Proposed Implementation of a Phase II Study

The goal of the development of this multimodal imaging system is not to replace electrical mapping as the gold standard for confirming block. Rather, ARFI imaging is meant to augment the procedure by monitoring lesion growth for safety and completeness and providing a visual means for assessing lesion continuity. This would reduce the number of times mapping would be required and should reduce the number of repeat procedures due to post-ablation electrical reconnection. We would envision ARFI being used to monitor lesion extent at some or all ablation sites. The sites that would be of particular importance would around the left inferior pulmonary vein. Sites here are particularly close to the esophagus where there are severe implications for over burning. ARFI would then be us ed to confirm line continuity and transmurality after the ablations have been completed.
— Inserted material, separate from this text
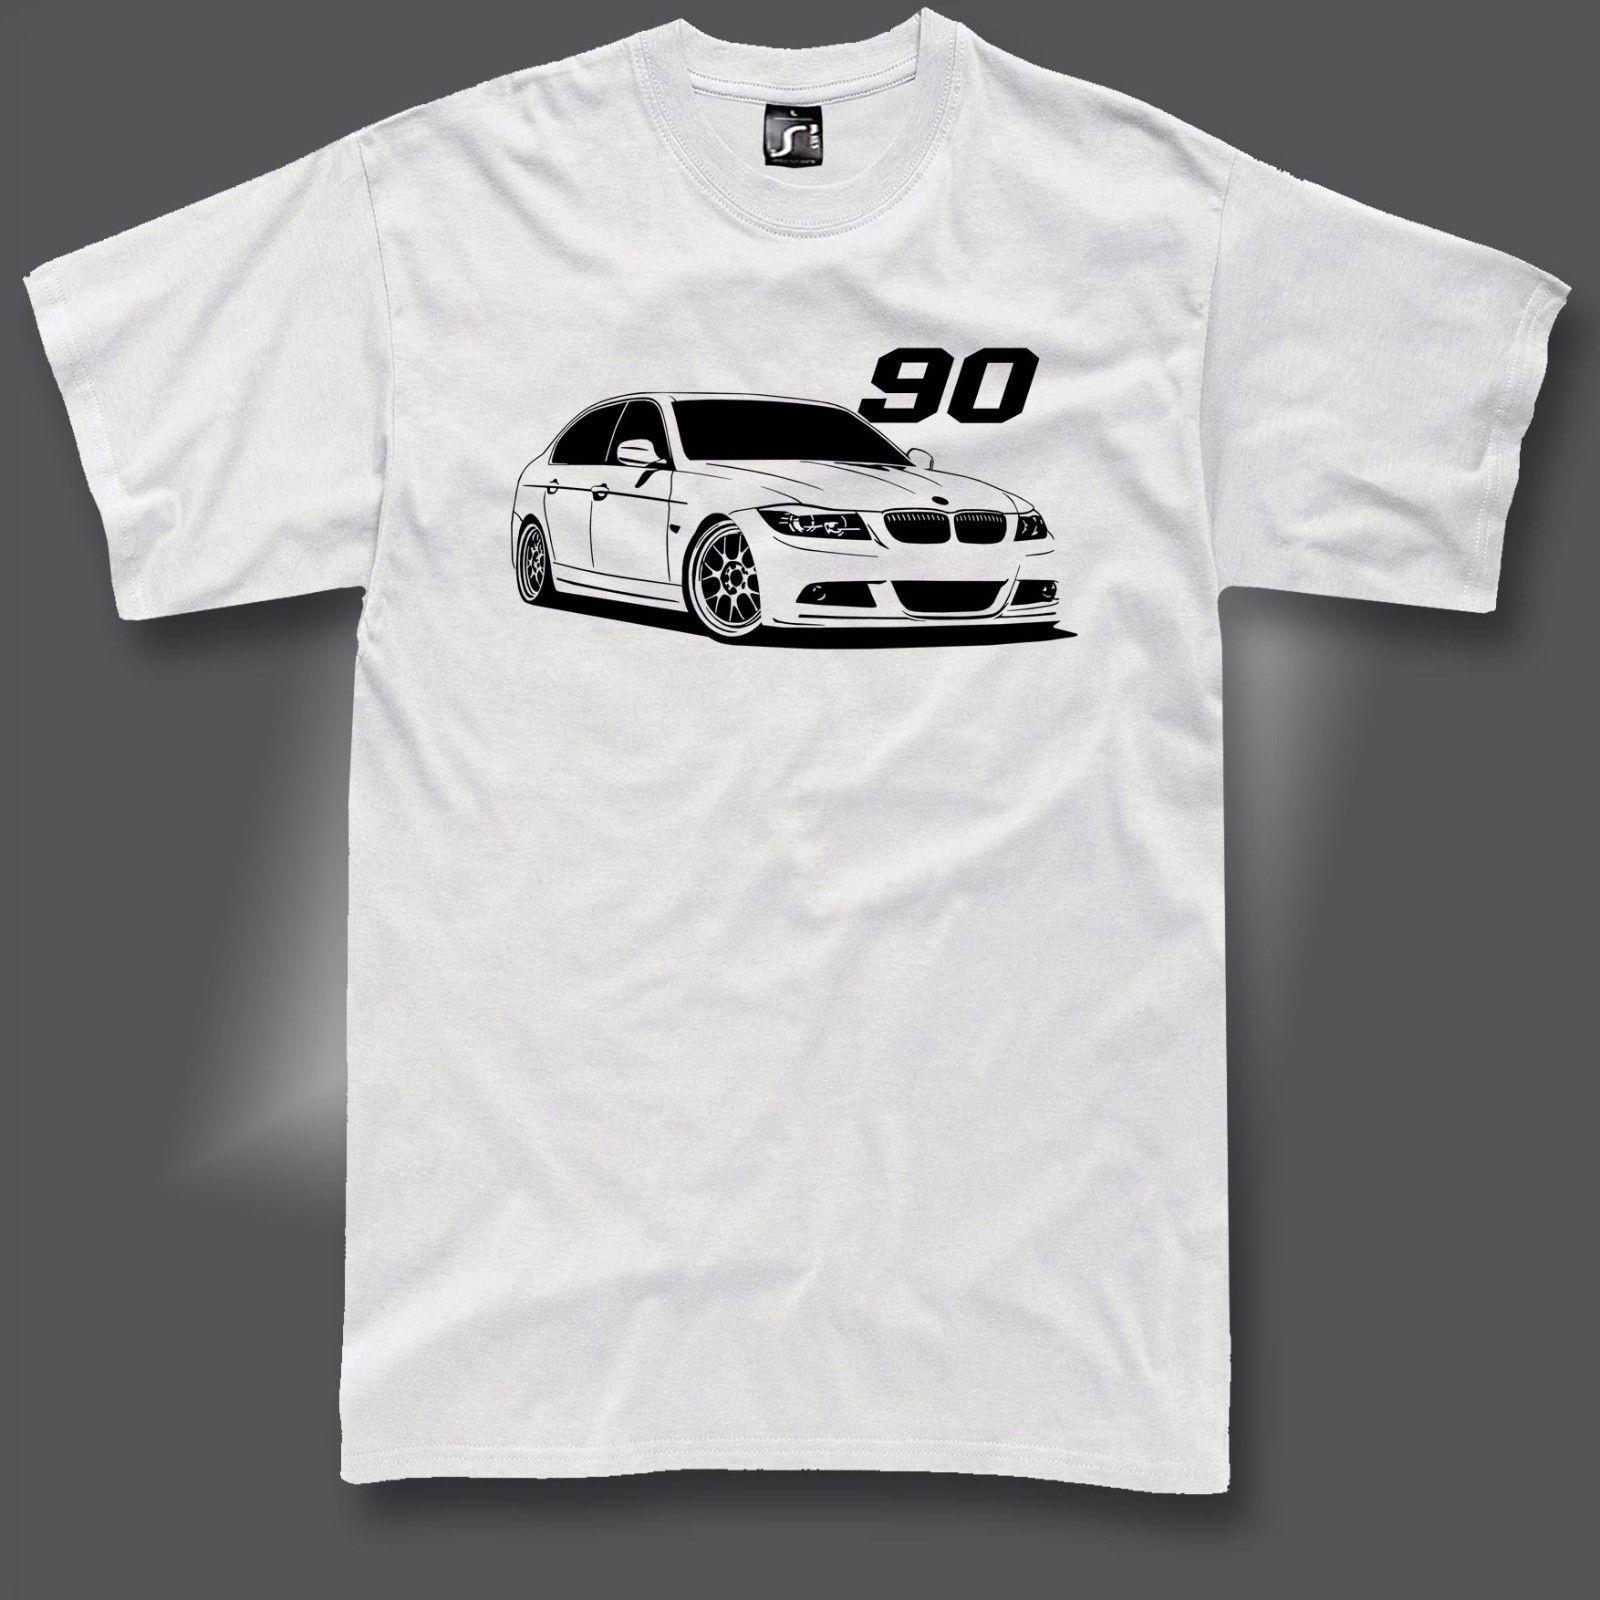 T Shirt For Bmw E90 Fans M3 330i 325i 328i 335i S 5xl Shirts T Shirt Bmw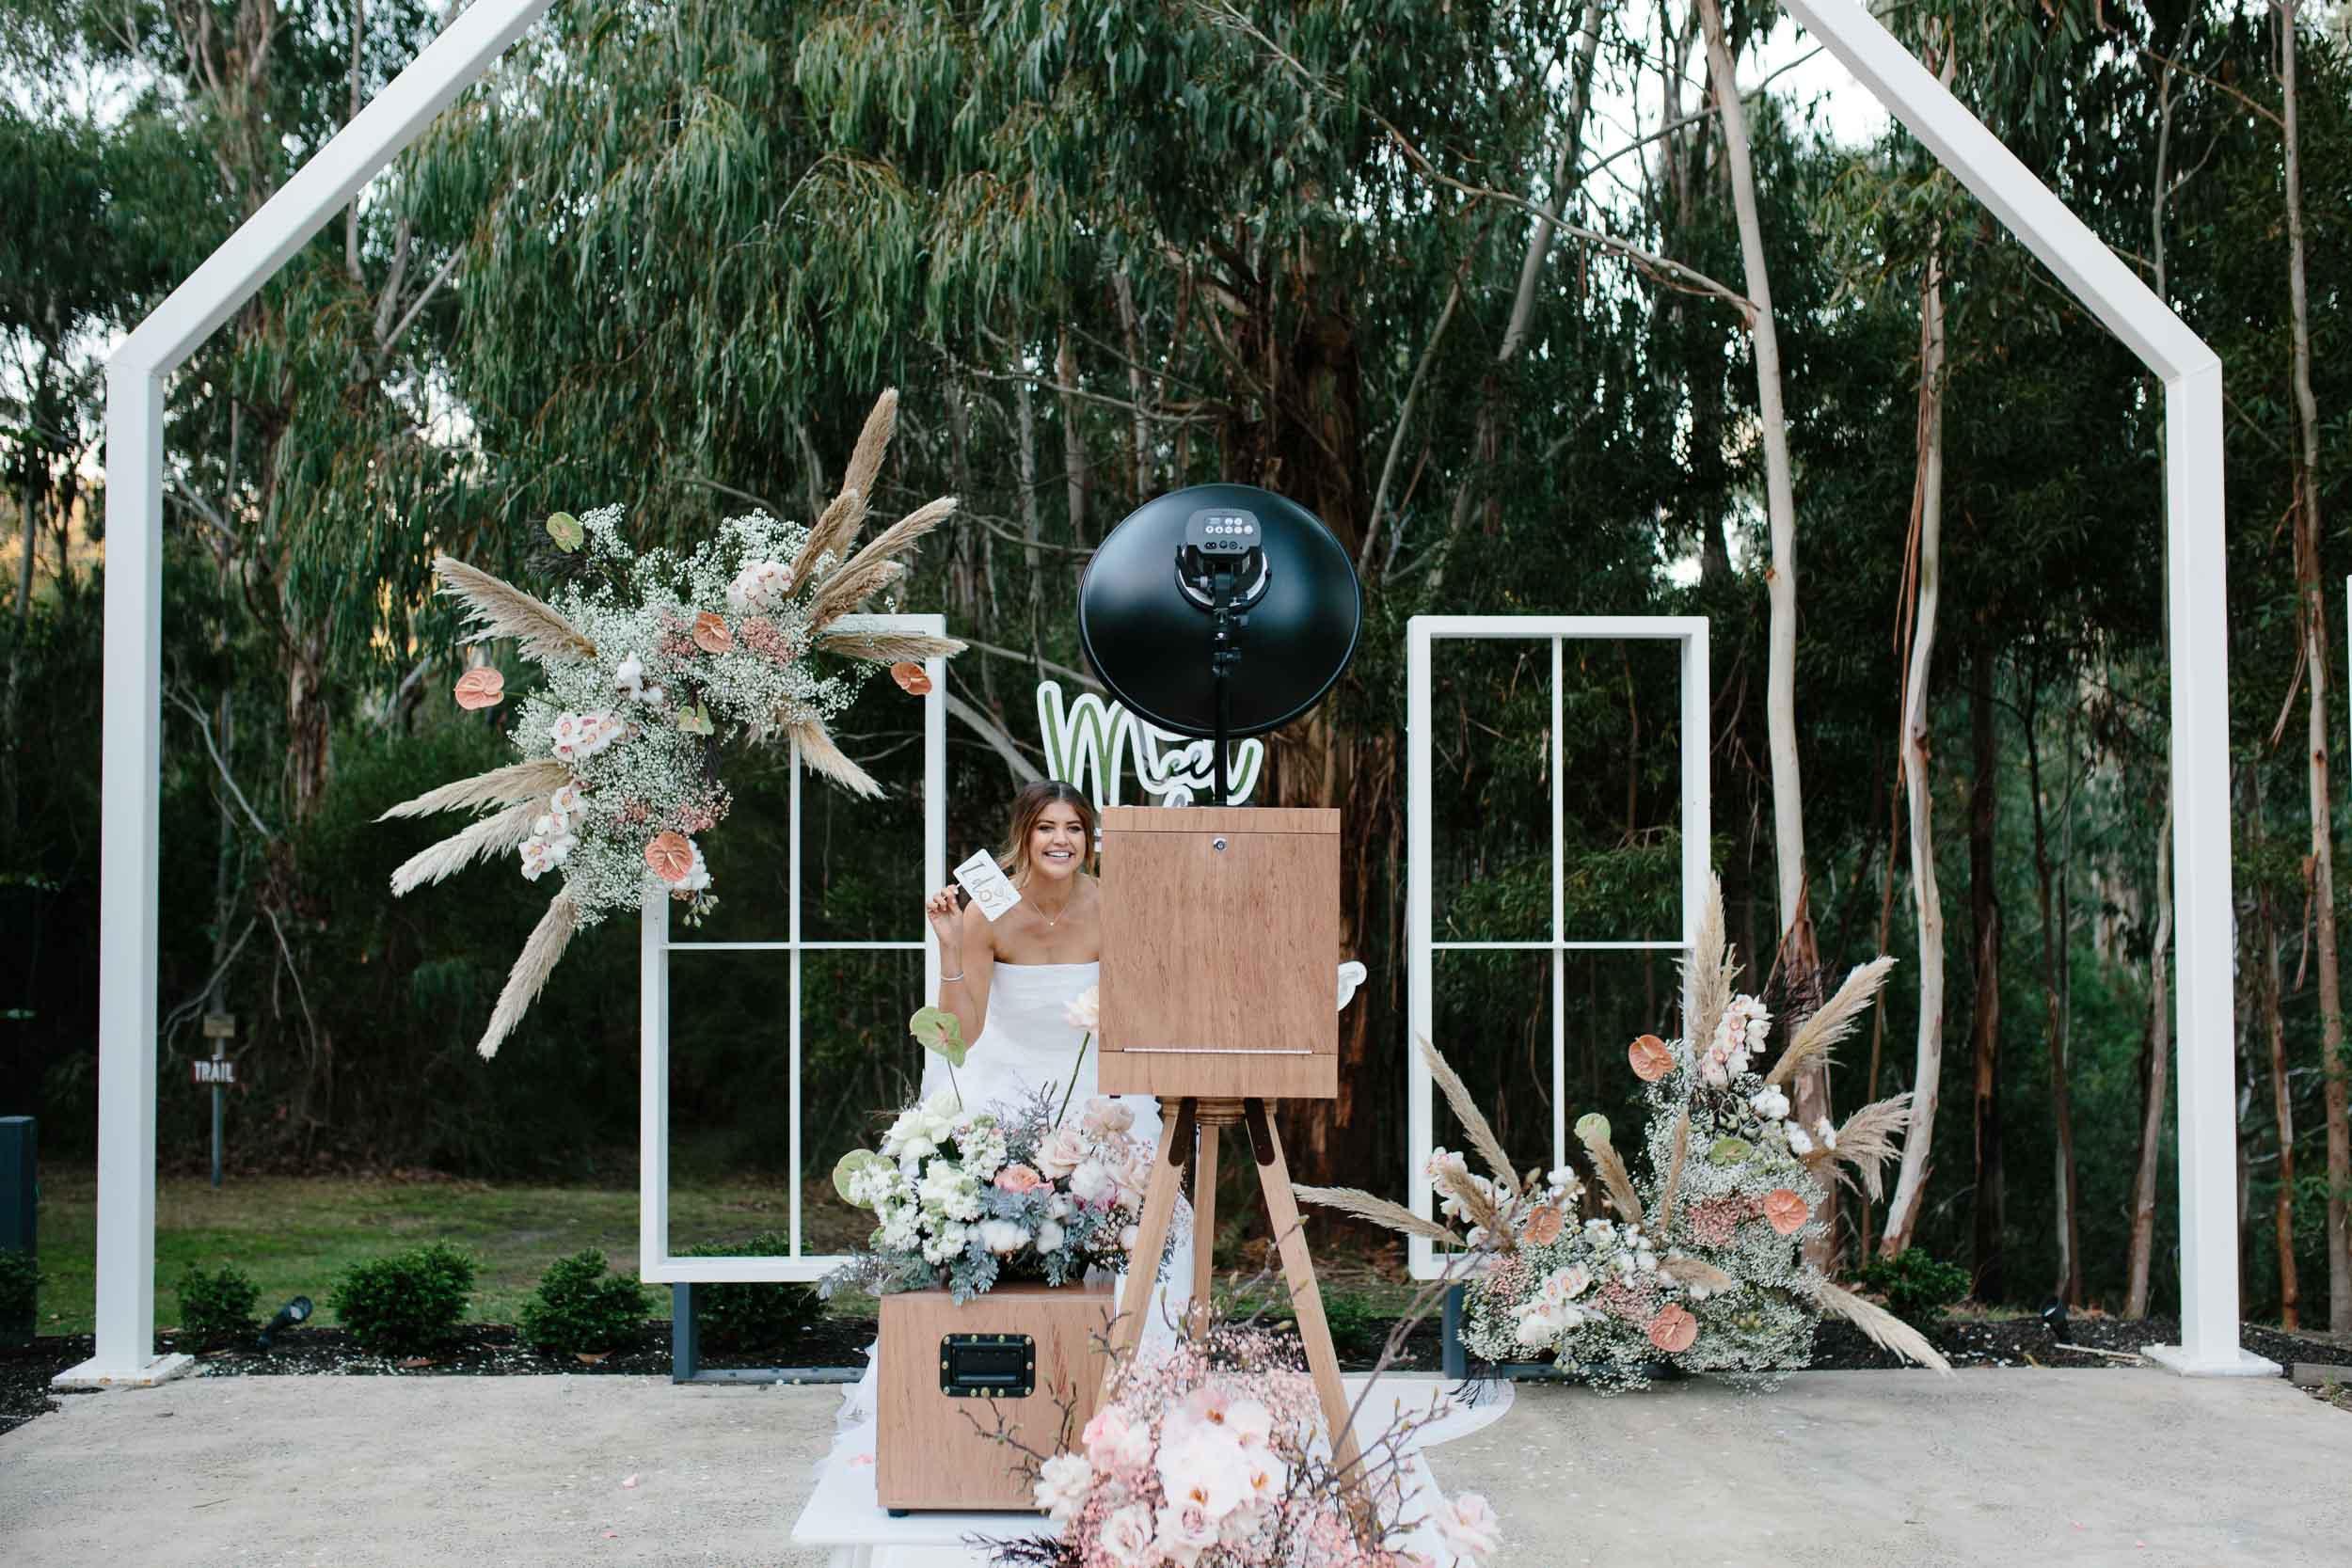 Kas-Richards-LENZO-Yarra-Valley-Wedding-One-Day-Bridal-390.jpg

A phase II application would propose a clinical study of ICE based ARFI image guided ablation therapy and would proceed with two clinical studies.

The first study would be very much like the study described in section D.4. It would be designed to not impact patient care by adding no time to procedures and by not changing the procedure normally used to determine lesion line continuity.

Consecutive patients undergoing ablation for atrial fibrillation would be enrolled. Circumferential pulmonary vein ablations would be performed guided by CARTO with ICE assistance placing the transseptal catheters. ARFI imaging would be used during any waiting periods during the procedure to characterize lesion lines. Each pair of lesions will imaged and graded as either incomplete or complete by an observer blinded to the mapping procedure. Once the lesions have been imaged, electrical pace mapping will be used to characterize conduction as is normally the case. As gaps are located and ablated their location will be noted as an incomplete gap. This process will be repeated until full electrical isolation has been achieved. Similar statistical evaluation of the lesions will be applied as described in D.4. This study will result in the sensitivity and specificity of ARFI for identifying incomplete lesion lines in patients compared to electrical mapping.

Providing the results of the first study indicate a high sensitivity and specificity, a second study would be performed in which procedure for care would be altered. It is thought this would be a multi-center trial. AF patients that are candidates for circumferential pulmonary vein ablations would be enrolled in the study and randomly assigned to a control or ARFI imaging arm. The patients would be followed for a period of a year following their procedure. In the control arm the ablation procedure would use current methods for creating and evaluating lesions. In the ARFI arm, lesions would be made with real time ARFI imaging and lines would be evaluated using ARFI imaging. Electrical mapping demonstrating complete block would be the procedure endpoint in both arms of the study.

All patients would follow the normal course of treatment for complications and post ablation care. Patients would be assessed at 6 weeks, 6 months and 1 y ear for the symptoms of AF. Procedure times and peri-ablation complications, and long term success (determined by alleviation of symptoms) will be compared between the two arms.